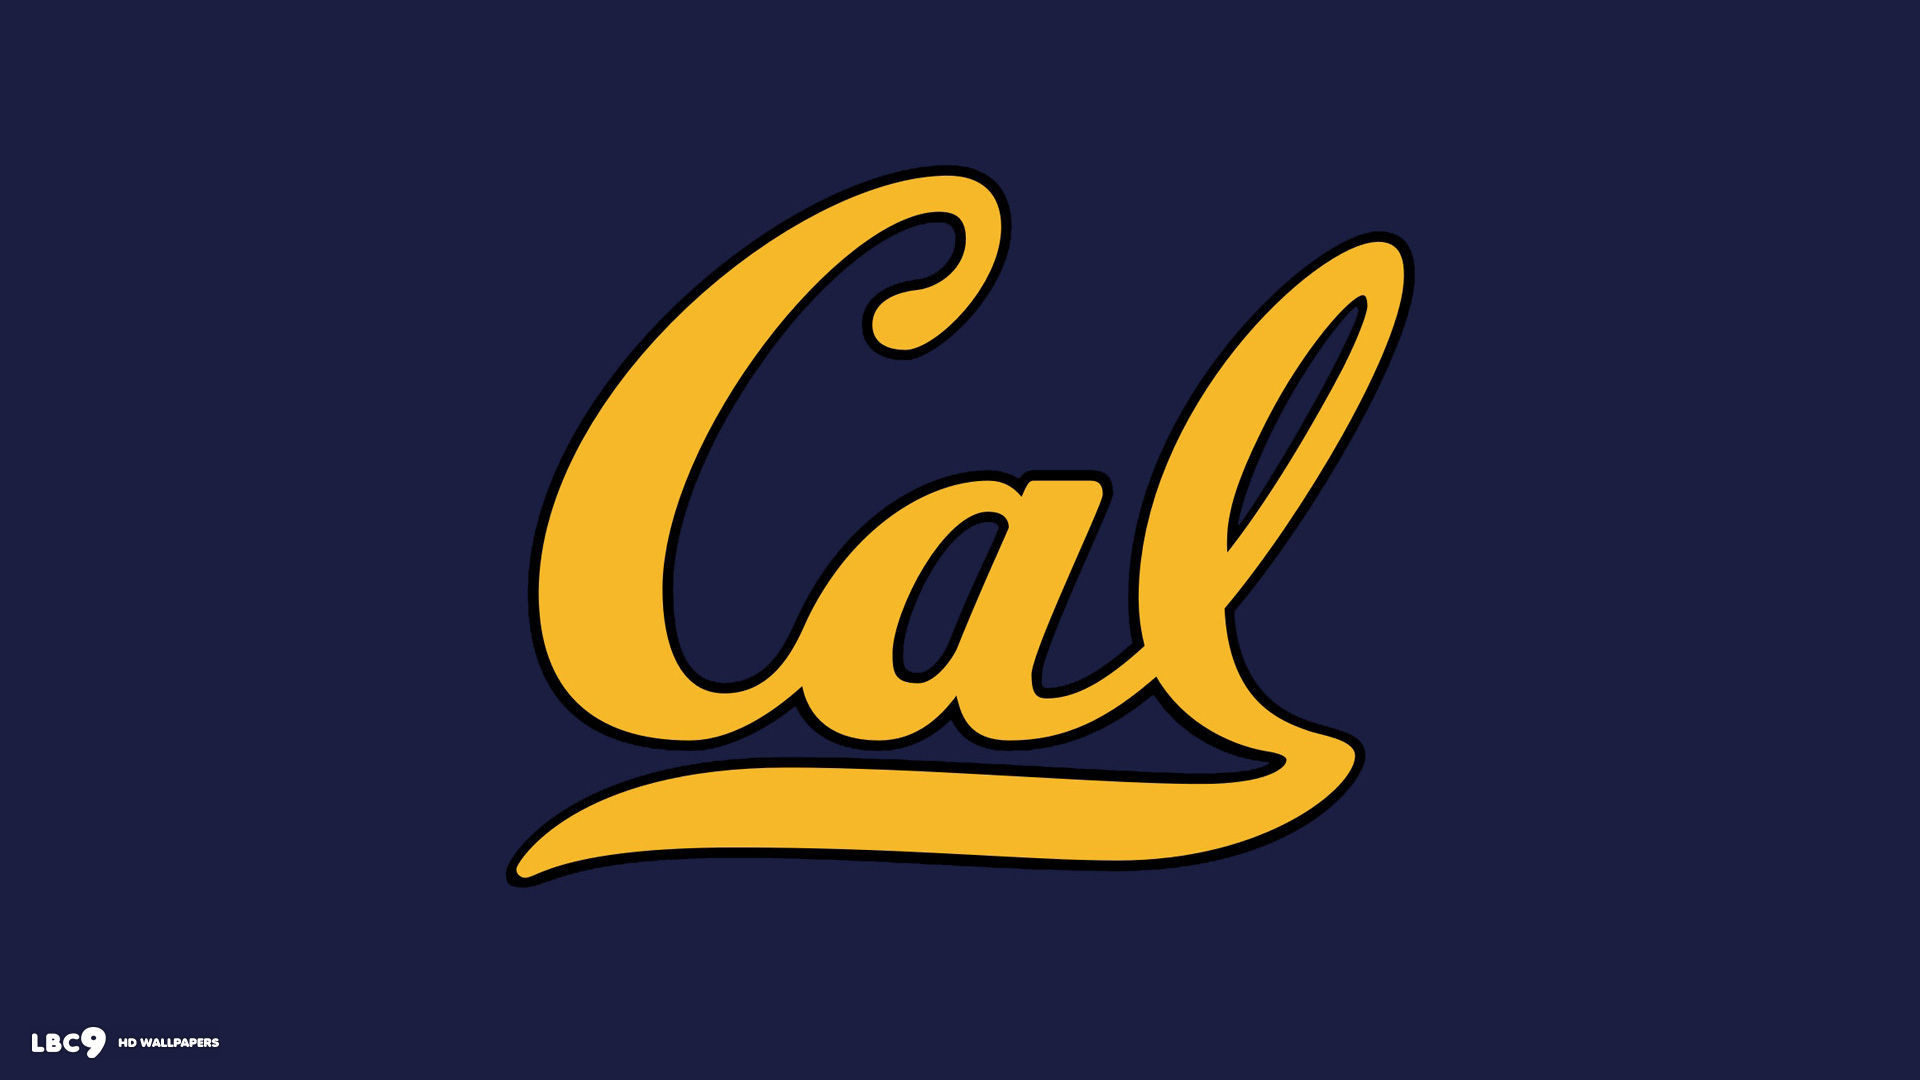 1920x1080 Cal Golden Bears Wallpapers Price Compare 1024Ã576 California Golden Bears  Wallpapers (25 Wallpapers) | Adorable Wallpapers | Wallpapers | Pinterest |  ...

---

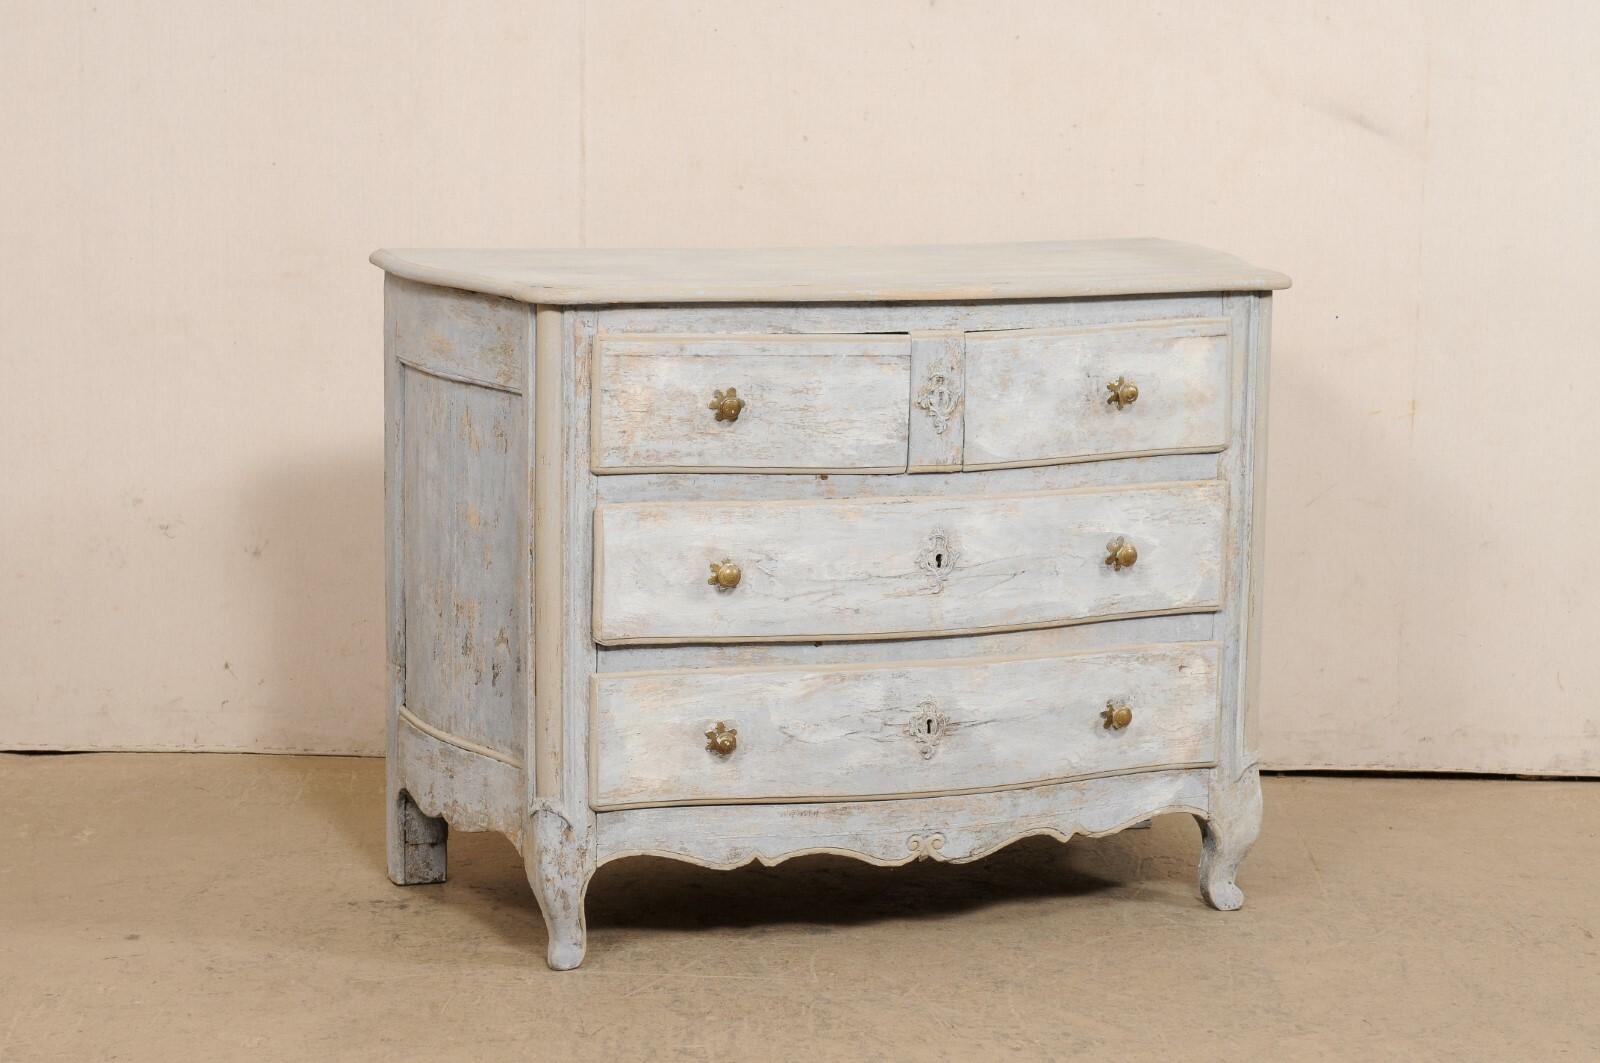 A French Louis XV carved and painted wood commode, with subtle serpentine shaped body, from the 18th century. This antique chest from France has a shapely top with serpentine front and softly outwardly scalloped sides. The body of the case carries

--

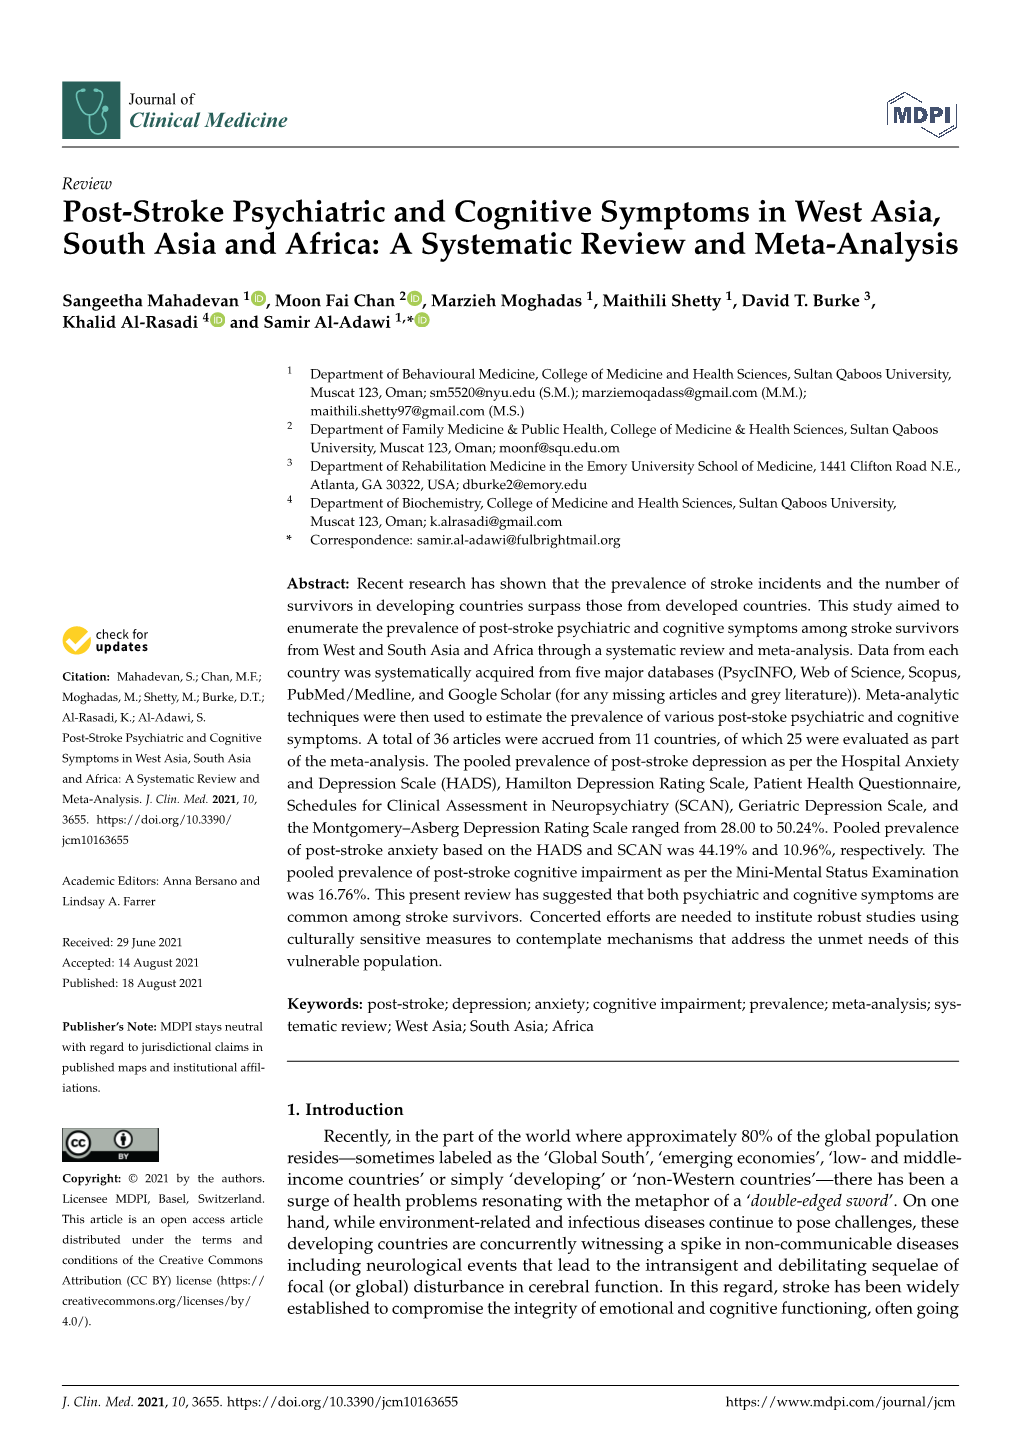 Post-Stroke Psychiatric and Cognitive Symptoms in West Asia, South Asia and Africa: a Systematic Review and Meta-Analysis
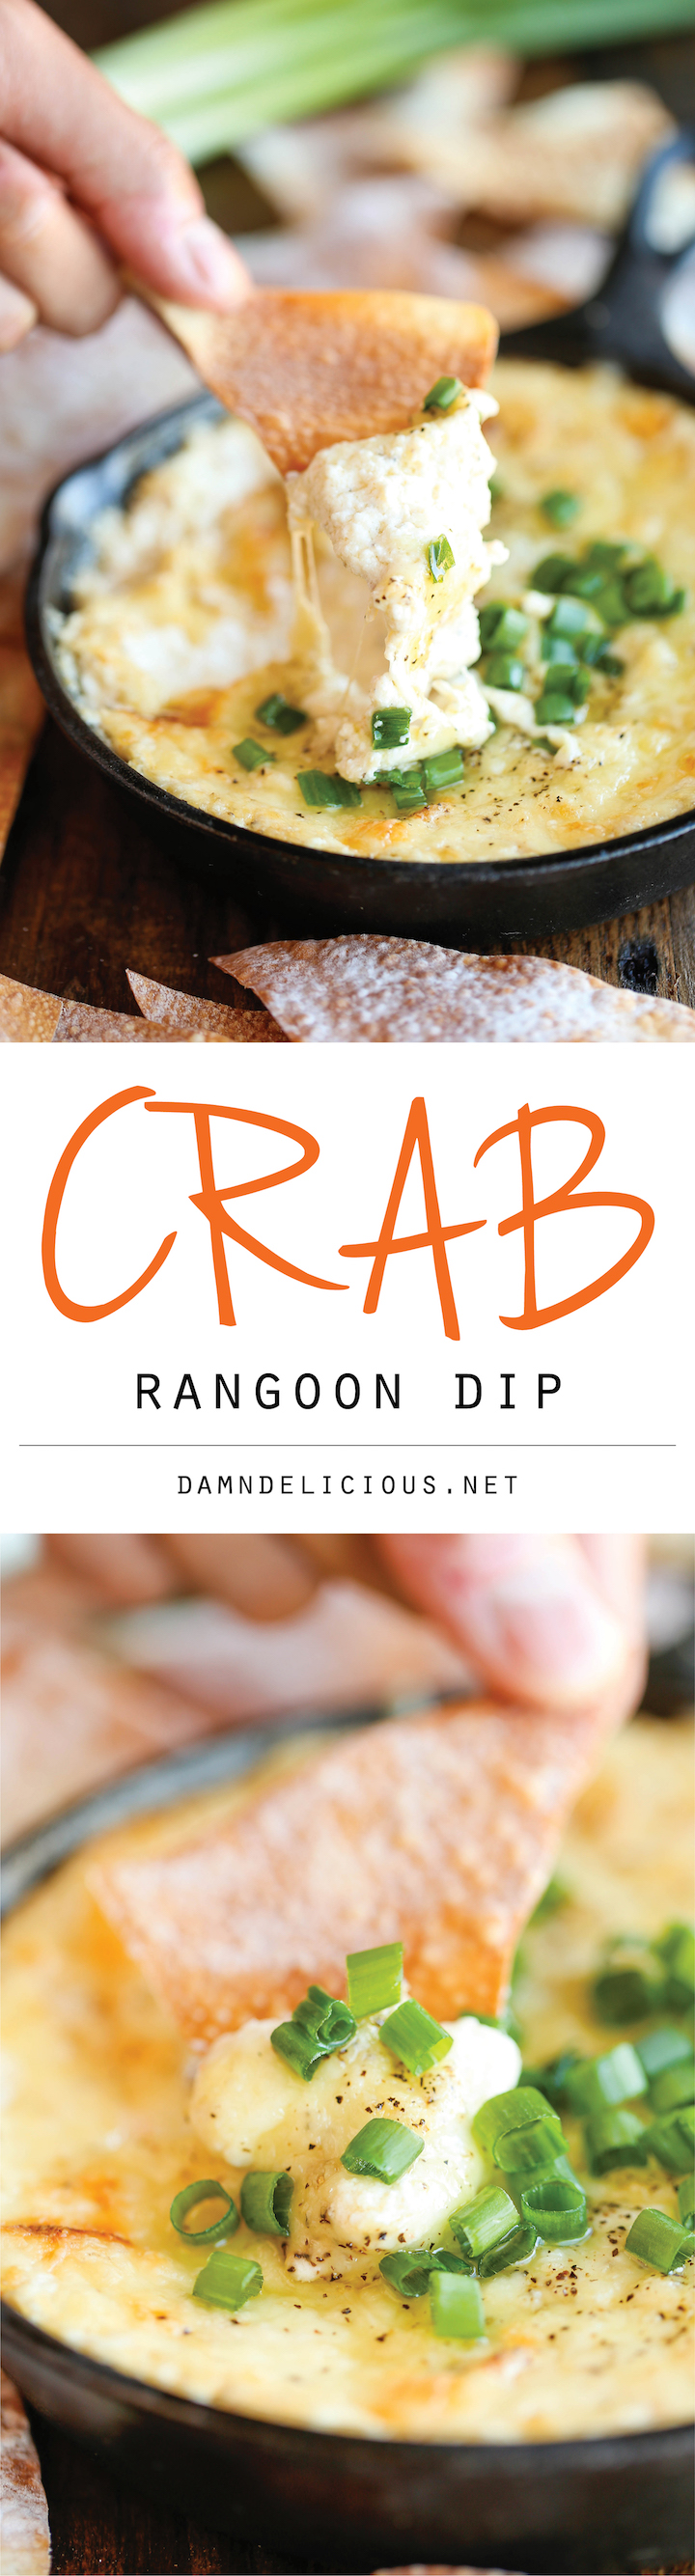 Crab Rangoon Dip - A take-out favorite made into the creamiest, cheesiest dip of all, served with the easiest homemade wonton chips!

# About this exercise
Leaving out each picture, repeat exactly the lines above from the one that contains "Post-Stroke Psychiatric and" through the one that contains "Crab Rangoon Dip".

# Answer box
 Post-Stroke Psychiatric and Cognitive Symptoms in West Asia, South Asia and Africa: a Systematic Review and Meta-Analysis
 Crab Rangoon Dip - A take-out favorite made into the creamiest, cheesiest dip of all, served with the easiest homemade wonton chips!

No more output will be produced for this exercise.